Linear Maps

The crucial property of vectors spaces is that the linear combination of vectors are again a vector. The defining property of linear maps is that it preserves the linear combination in a natural way, i.e. image of a linear combination is a linear combination of the images, or $\mathcal{T}(\lambda x + \mu y) = \lambda \mathcal{T}(x) + \mu \mathcal{T}(y)$.

Definition. Let $V, W$ be vector spaces over a field $\mathbb{F}$. The map $\mathcal{T}: V \to W$ is a linear map or linear transformation if for all $a, b \in V$ and $\lambda, \mu \in \mathbb{F}$,
\[\begin{align*} \mathcal{T}(a + b) &= \mathcal{T}(a) + \mathcal{T}(b) \\ \mathcal{T}(\lambda a) &= \lambda \mathcal{T}(a) \end{align*}\]
or equivalently
\[\mathcal{T}(\lambda a + \mu b) = \lambda \mathcal{T}(a) + \mu \mathcal{T}(b)\]
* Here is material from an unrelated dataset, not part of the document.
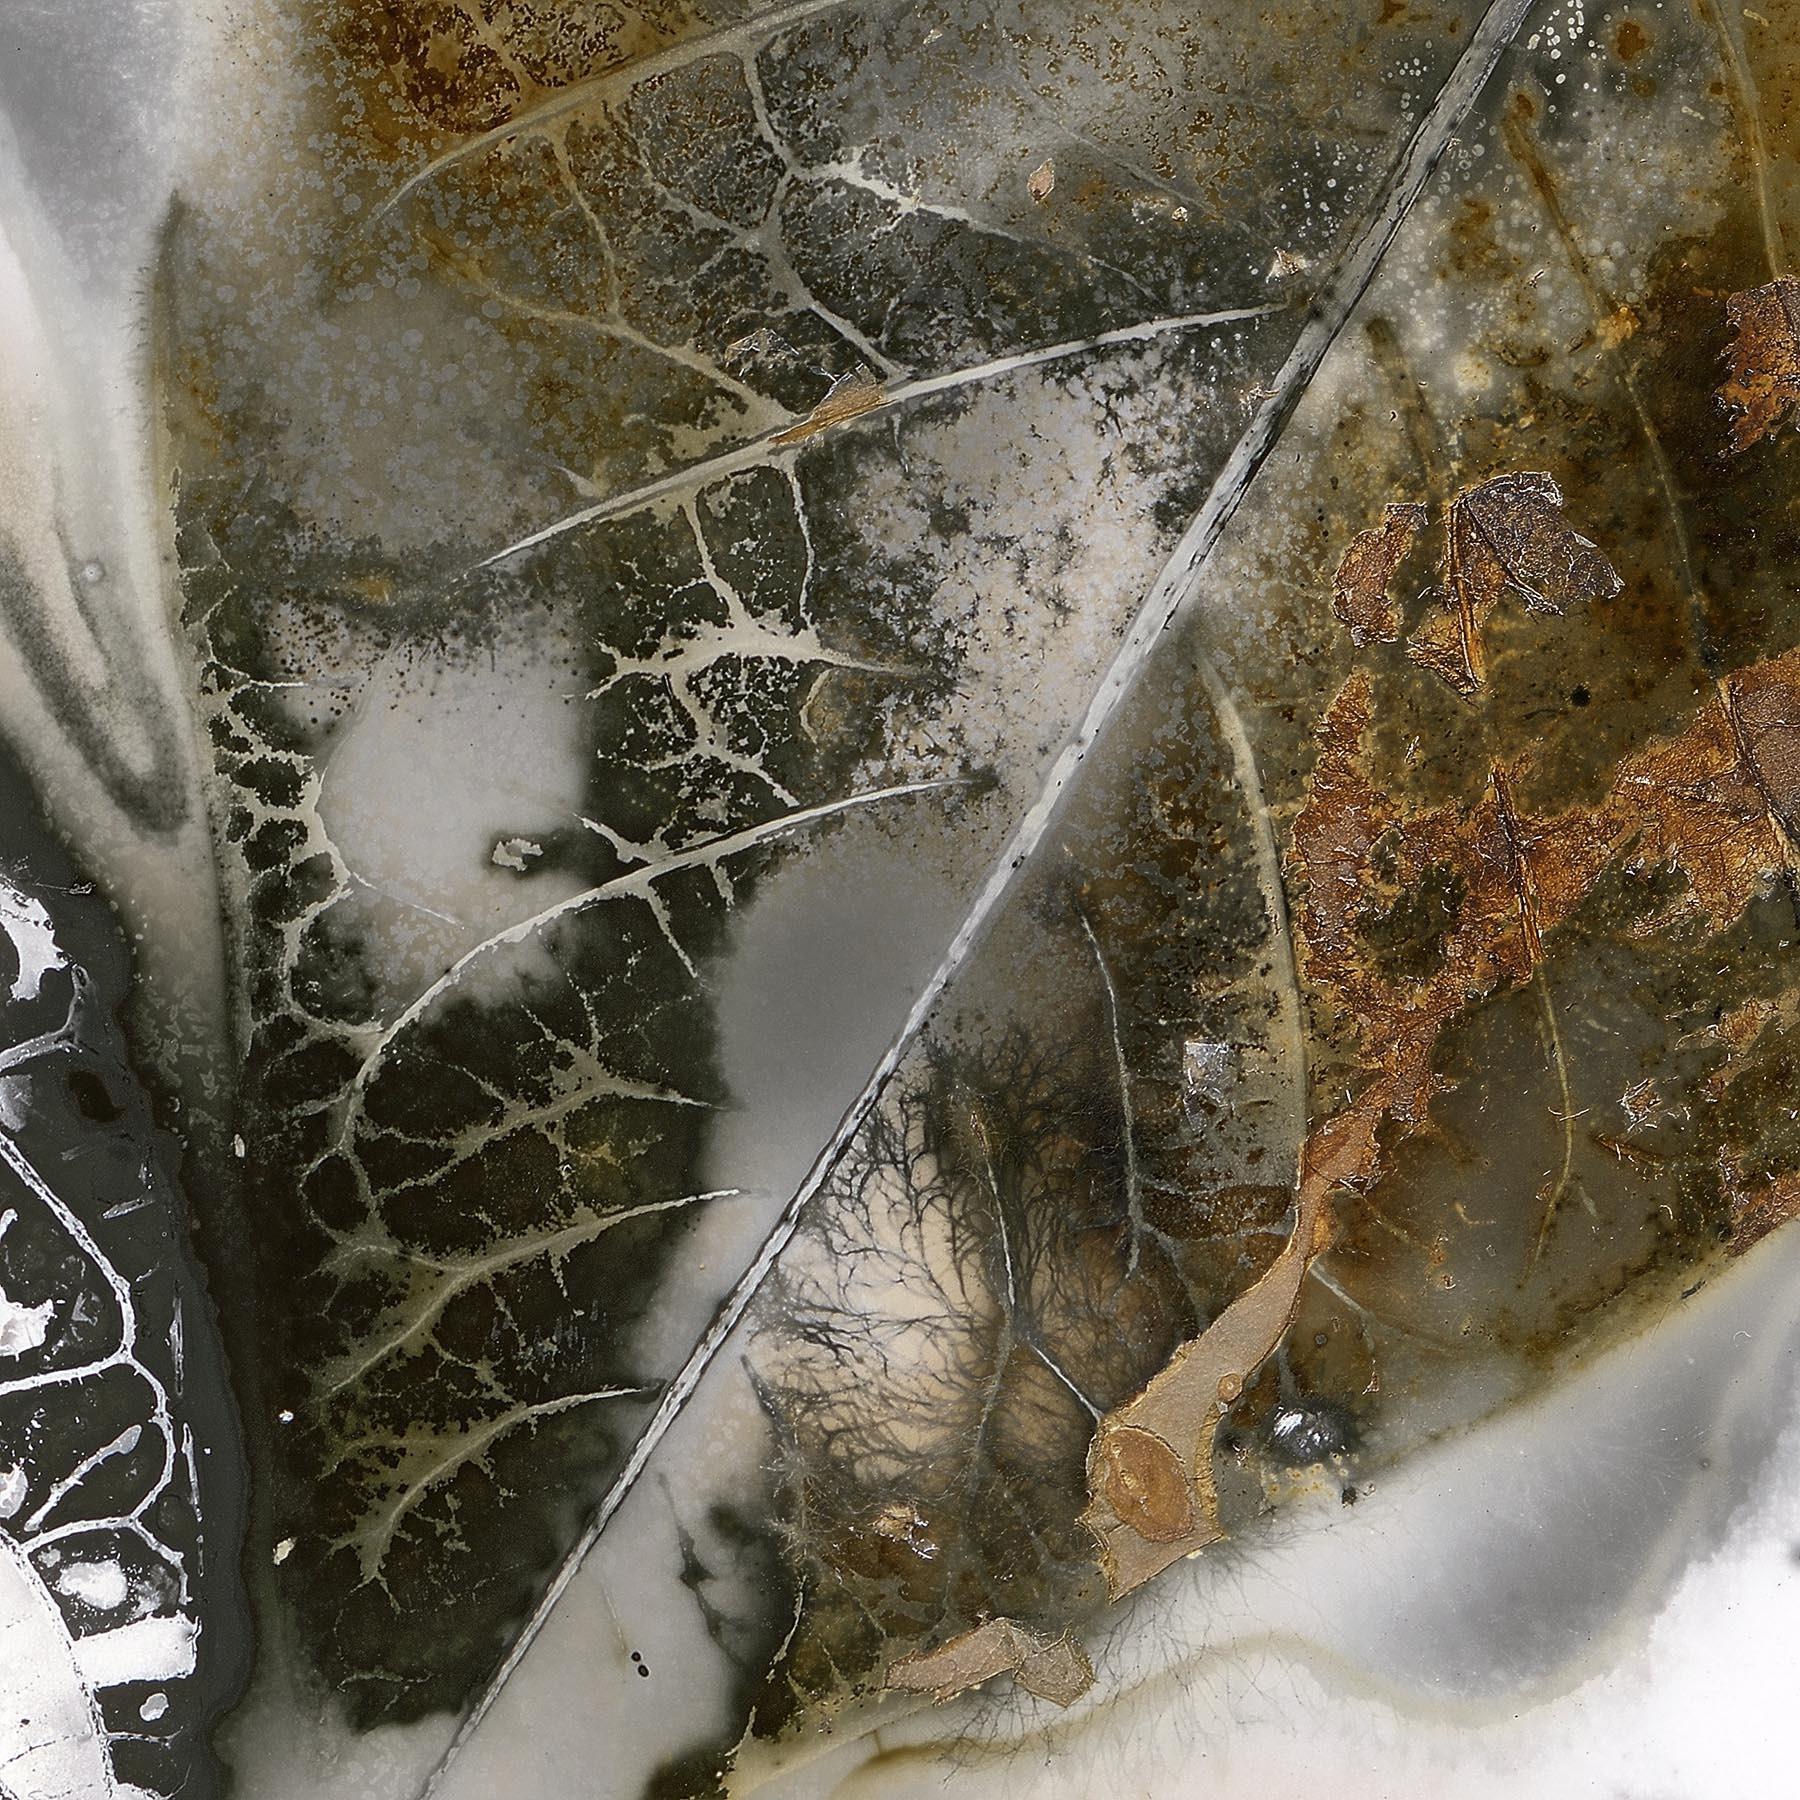 Edward Bateman, Leaf No 30 - Salt Lake City, Utah USA
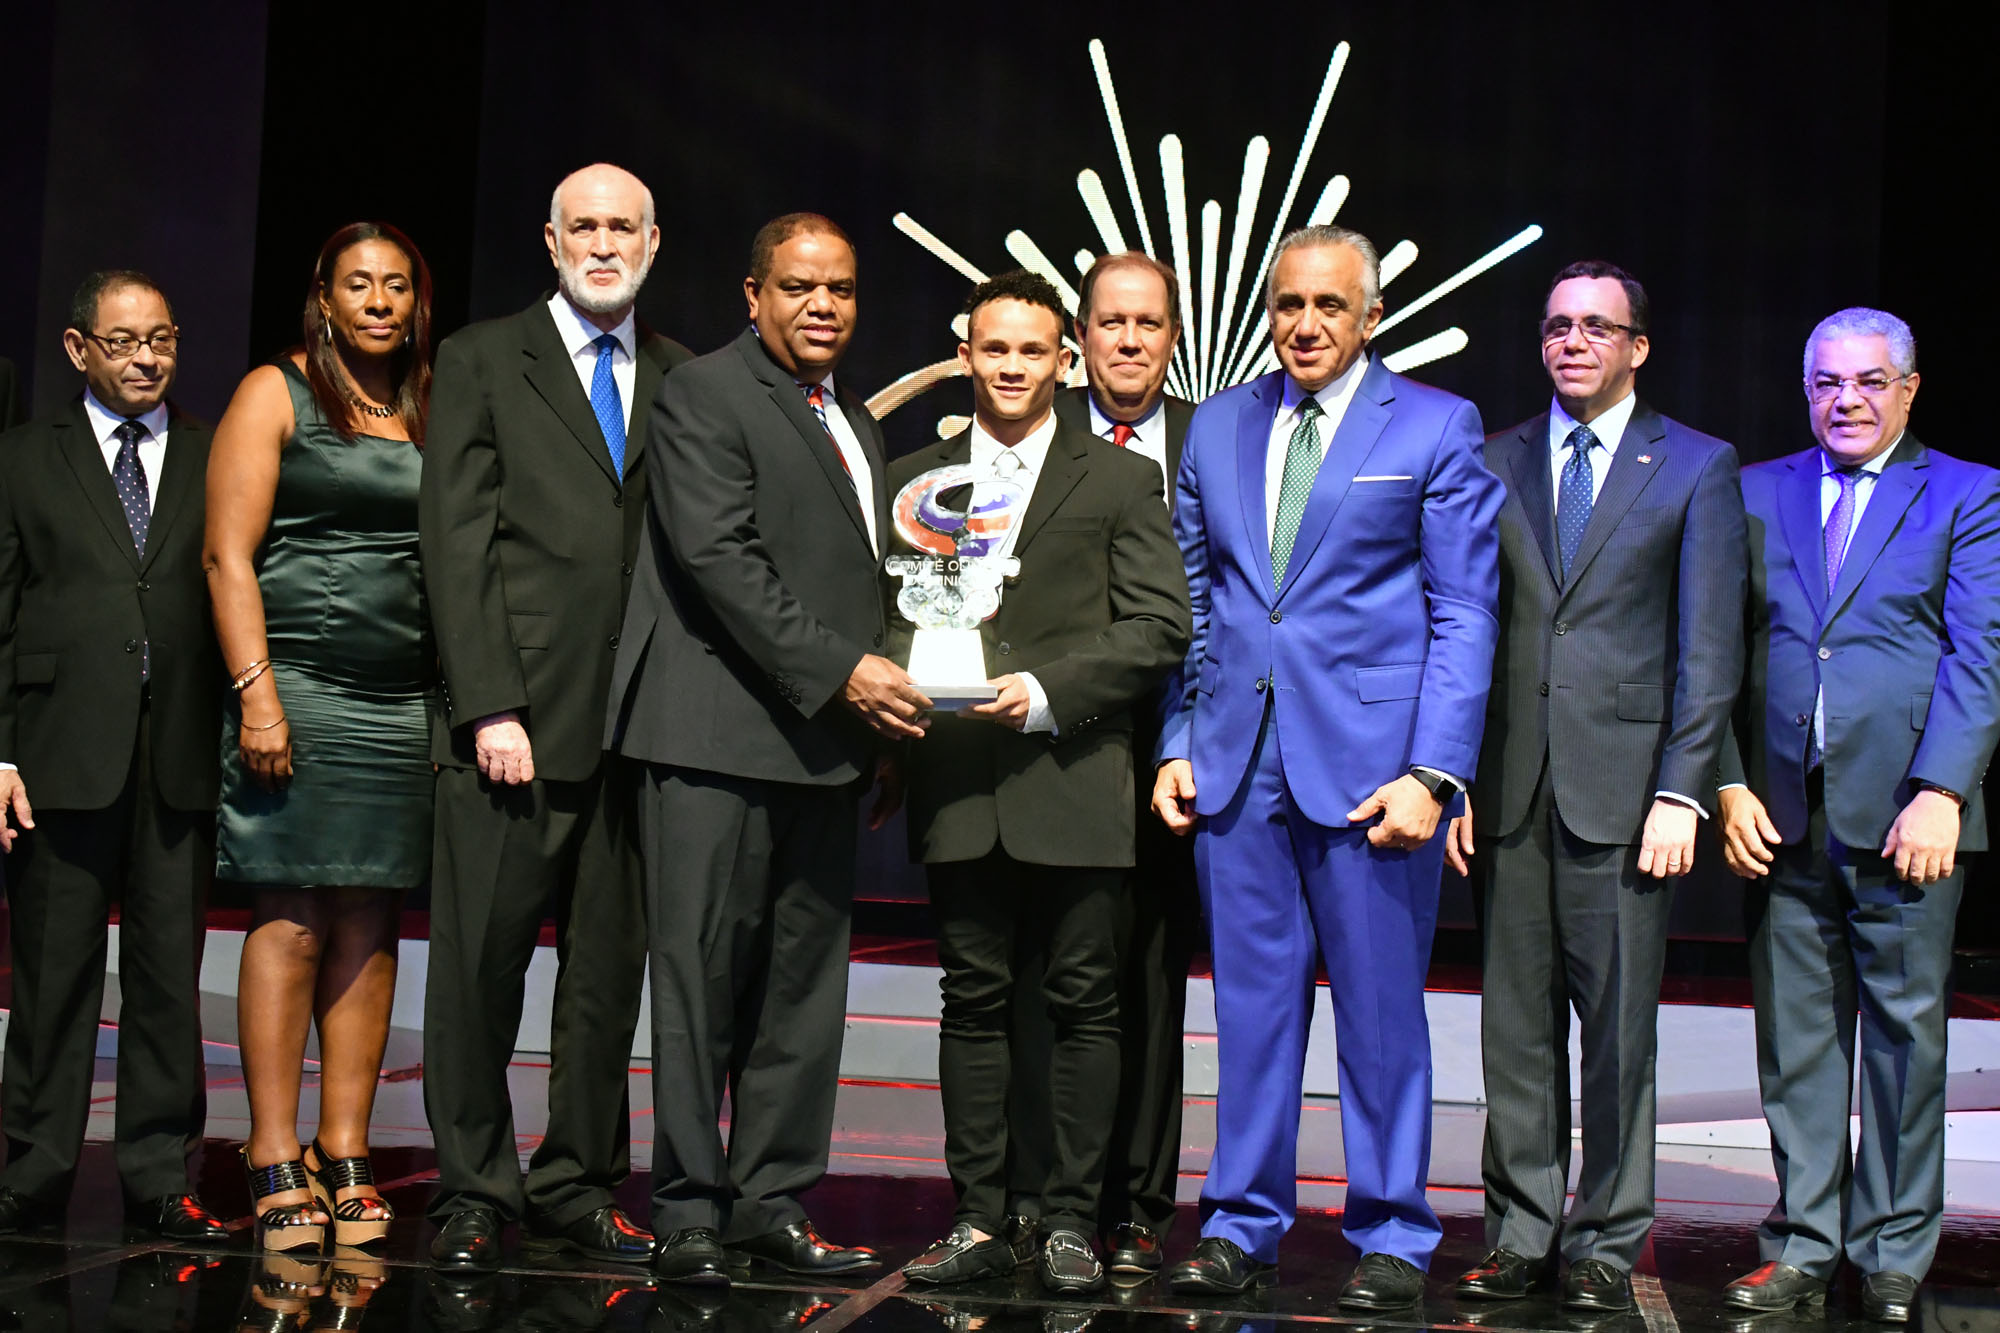 Audrys Nin Reyes es electo Atleta del Año en Gala Olímpica 2018

Lemma. $\mathcal{T}(0_V) = 0_W$.

Proof.

When $\lambda = \mu = 0$, we have
\[\mathcal{T}(0_V) = \mathcal{T}(0 a + 0 b) = 0 \mathcal{T}(a) + 0 \mathcal{T}(b) = 0_W\]

Image and Rank, Kernel and Nullity

Let $\mathcal{T}: V \to W$ be a linear map.

Definition. $\text{im}(\mathcal{T}) = \mathcal{T}(V)$ is the image of $V$ under $\mathcal{T}$.

Theorem. $\mathcal{T}(V)$ is a subspace of $W$.

Proof.

$0_W \in \mathcal{T}(V)$ so it is non-empty.

For all $\mathcal{T}(a), \mathcal{T}(b) \in \mathcal{T}(V)$, we have
\[\lambda \mathcal{T}(a) + \mu \mathcal{T}(b) = \mathcal{T}(\lambda a + \mu b) \in \mathcal{T}(V)\]

Definition. The rank of $\mathcal{T}$ is the dimension of the image, i.e.
\[r(\mathcal{T}) = \dim \mathcal{T}(V)\]

Definition. The kernel or nullspace of $\mathcal{T}$ is the subset of $V$ that maps to the zero element in $W$, i.e.
\[\ker \mathcal{T} = \Set{v \in V \mid \mathcal{T}(v) = 0_W}\]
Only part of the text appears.